HadoopMarc <bi...@...>
 

Hi,

I think you need the first use, assuming you want the clients of your RPC server not to be gremlin-aware.. Then you use JanusGraph in the embedded way.

The second use is when you do not roll your own graph application endpoint but rather use the Gremlin Server application to connect with gremlin-aware clients.

HTH,    Marc

Op dinsdag 11 augustus 2020 om 15:25:33 UTC+2 schreef zb...@...:

Hello, I am in the process of building a Java, RPC server that takes in multi-threaded requests, queries the database and returns a result to the client. I understand JanusGraph allows concurrent transactions and I would prefer all requests run within their own transaction. However, I am a bit confused as to access JanusGraph remotely as I have seen multiple implementations.

The first uses:
JanusGraph graph = JanusGraphFactory.build()
     
.set("storage.backend", "hbase")
     
.set("storage.hostname", "lily.local")
     
.set("storage.hbase.table", "birdr")
     
.open();

GraphTraversalSource g = graph.traversal();

Then I would call the following in each request block of the RPC server:
g.tx().createThreadedTx()


But this appears to building a JanusGraph server. Is that correct?
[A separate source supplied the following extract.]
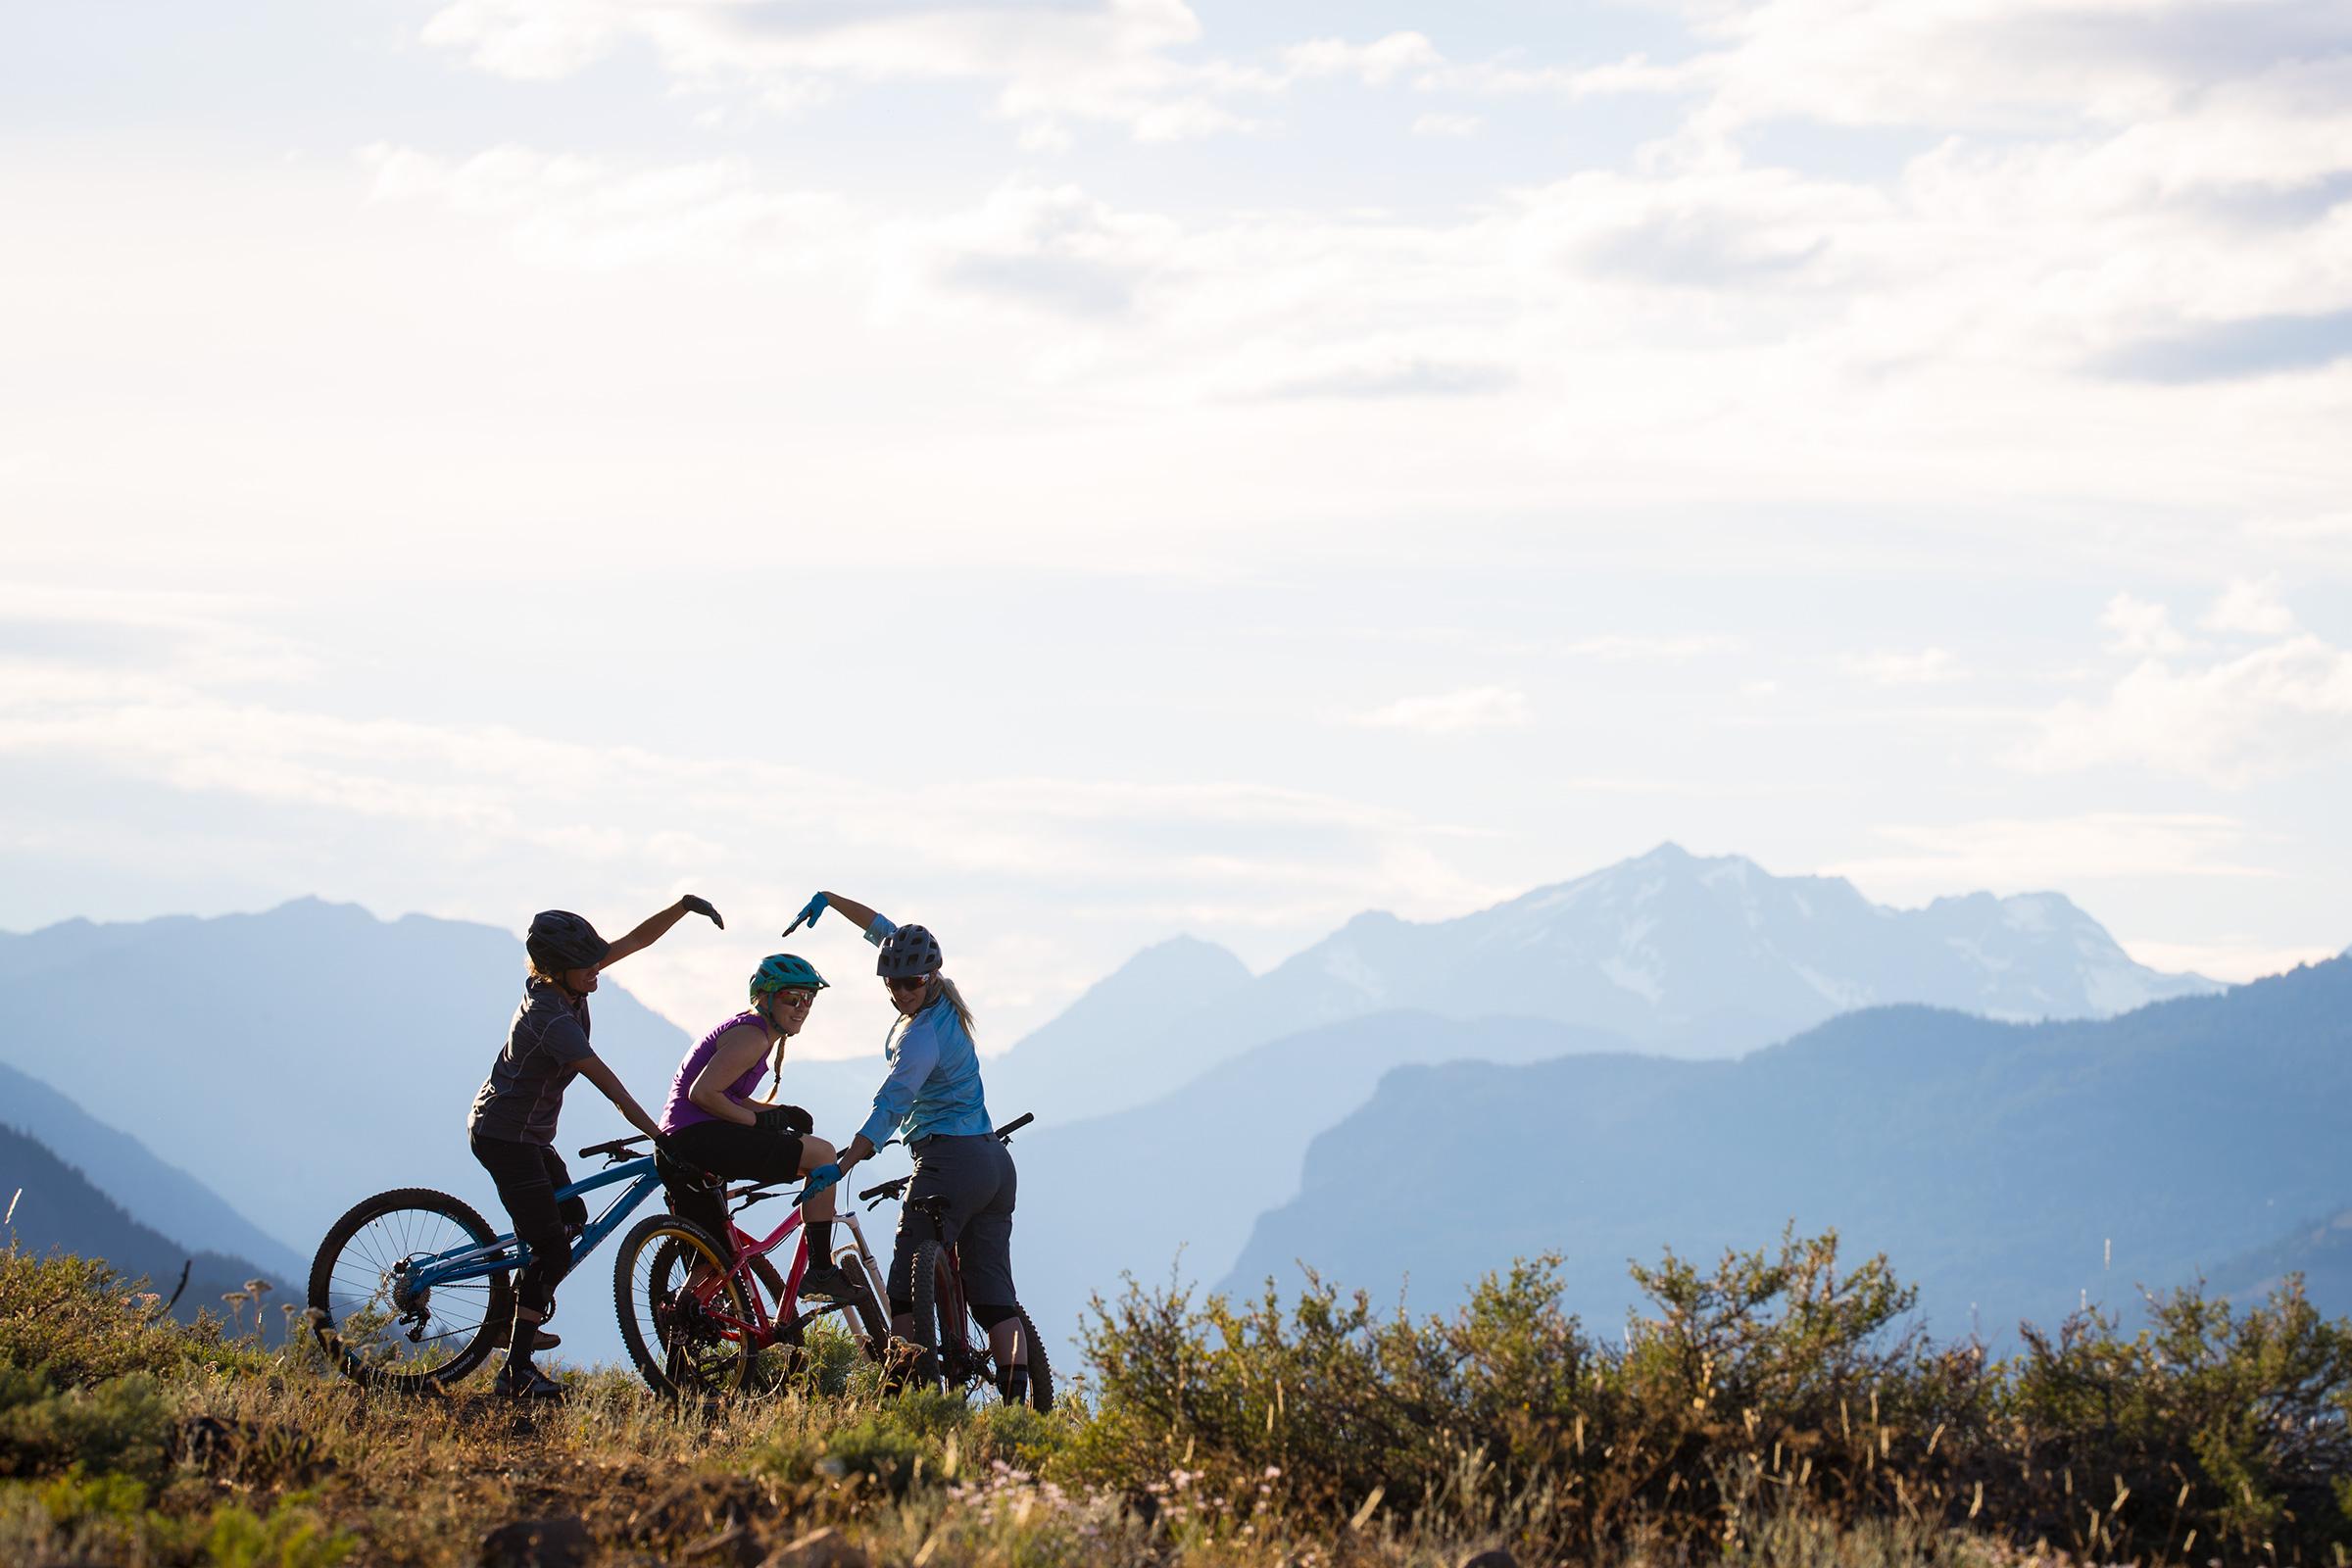 there's no shortage of inspiring women on mountain bikes

Another implementation I have seen is:

Cluster.open('path to config file');

And then I would call the following in each request block of the RPC server:

Client client = cluster.connect();
GraphTraversalSource g = AnonymousTraversalSource.traversal().withRemote(DriverRemoteConnection.using(client, "g"));

Then simply close the client at the end of each request. However this GraphTraversalSource does not support transactions,

I believe the second option is more correct, but do Client instances maintain transactions? Are they transactions themselves?

Any kind of explanation or clarity would be greatly appreciated.


Zach Becker <zbec...@...>
 

What do you mean by "gremlin-aware?" Both implementations will give me a graph traversal which I'll use to run gremlin queries against the databases


HadoopMarc <bi...@...>
 

Hi,

We are talking about the following scenarios:

client ----------- Gremlin Server ------------ storage backend
with the client firing remote gremlin traversals ("gremlin-aware")


client ----------- own server(embedded JanusGraph) ------------- storage backend
with the client firing general requests to be translated into gremlin traversals at your own server


client ----------- own server ----------- Gremlin Server ------------ storage backend
with the client firing general requests and the own server firing remote gremlin traversals

I assumed the last 3-tier scenario would not be efficient and thus not what you want.

Regarding transactions:
gremlin-clients apply a transaction per request (forgetting about the string based requests that the TinkerPop people advise against). However, add and drop steps that you want to apply in a single transaction can simply be concatenated inside a single traversal.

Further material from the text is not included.